Stephenson’s Bar-B-Q
11964 N.C. 50, Willow Spring. 919-894-4530.
It seems that Stephenson’s hides in plain sight, halfway between the state capital in Raleigh and the edge of Eastern North Carolina, caught in between the barbecue road trips and the lunch-hour hot spots. This historic pit in Johnston County dates back to the 1950s, when a hog farmer decided there was more money to be made in barbecue. Today, Andy Stephenson stokes the fire his father started, doing just about everything there is to do the hard way. The pork shoulders are smoked very slowly over coal — eight hours is never enough. The fries are hand-cut, the hushpuppies not quite round and light as can be, and the finely chopped slaw is a perfect sweet-and-sour note against perfectly seasoned and sauced pork.
Sweet Lew’s BBQ
923 Belmont Ave., Charlotte. 980-224-7584 or sweetlewsbbq.com
Former fine dining chef Lewis Donald saw most Charlotte diners driving out of town for their barbecue cravings. Sweet Lew’s is his way of asking folks to stay home. Within Charlotte’s new school barbecue scene Sweet Lew’s stands out for all-wood smoking and chef’ed up specials. Sweet Lew’s acknowledges the proximity of South Carolina and its own barbecue traditions by including a mustardy barbecue sauce alongside vinegar and tomato-based options, and serves a BBQ hash, historically made with pork and liver, but here with smoked pork and brisket, and like any good hash or stew, the trimmings of whatever is around.
Switzerland Cafe
9440 N.C. 226A, Marion. 828-765-5289 or switzerlandcafe.com
This mountain lodge of a restaurant in the far western part of the state is perhaps the only historic pit in North Carolina that’s practically hidden within a traditional family restaurant. Situated in the hairpin corner of a steep switchback, Switzerland Cafe cooks most of its menu in its all-wood smokehouse, from the famed pork shoulders to the mountain trout.
Thig’s BBQ House
1722 Catherine Lake Road, Jacksonville. 910-262-1136 or thigsbbq.com.

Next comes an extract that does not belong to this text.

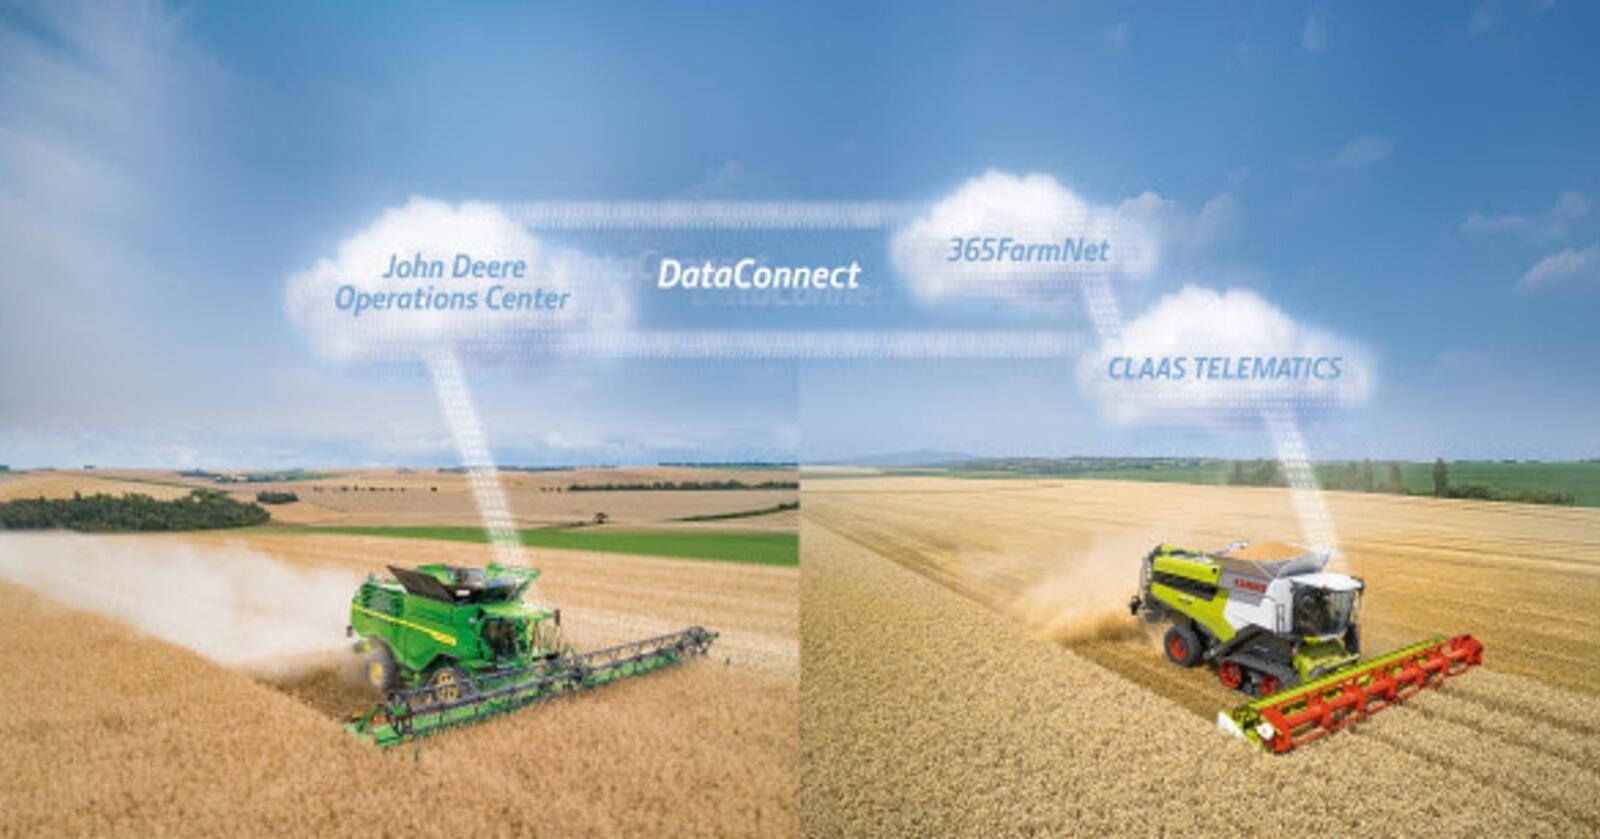 SAMMEN: Et ny tjeneste gjør det mulig å få oversikt over maskinflåten selv om den består av ulike merker, men i første omgang gjelder det Claas, John Deere og 365FarmNet. Illustrasjon: Produsenten

It took Thig’s three years to reopen and recover from a pre-pandemic fire, but the 34-year-old restaurant got by as a barbecue food truck. In this coastal military town, Thig’s serves chopped pork sauced with vinegar, but it’s not a traditional barbecue spot. You’ll find flatbread pizza and lumpia among the snacks.
Troutman’s
18466 N.C. 109, Denton. 336-859-2206
Now in his early 80s, founder Jimmy Troutman has worked in restaurants since he was 15, eventually opening Troutman’s Barbecue in 1970. The nights pass slowly and the decades pass quickly in barbecue, and Troutman hopes to see his Lexington-style restaurant make it to the century mark. That’s a rare feat even in North Carolina barbecue, but it could be possible in Troutman’s case. The restaurant is already in the hands of Jimmy’s daughters, Heather and Jamie, and staffed by the larger Troutman family. This fall, Jimmy Troutman will be inducted into the Barbecue Wall of Fame in Lexington.
Wilber’s BBQ
4172 U.S. 70, Goldsboro. 919-778-5218 or wilbersbbq.com
The Wilber’s story could have gone a different way and North Carolina would have lost one of its most beloved and historic barbecue restaurants. Instead, a group of fans and investors who grew up on its whole hog barbecue swooped in four years ago and plucked it from bankruptcy, spent a fortune rebuilding its pit and reopened Wilber’s amid a global pandemic. Today it endures and enjoys a new wave of popularity, serving the same style of pork, but with trendy additions like brisket and beer.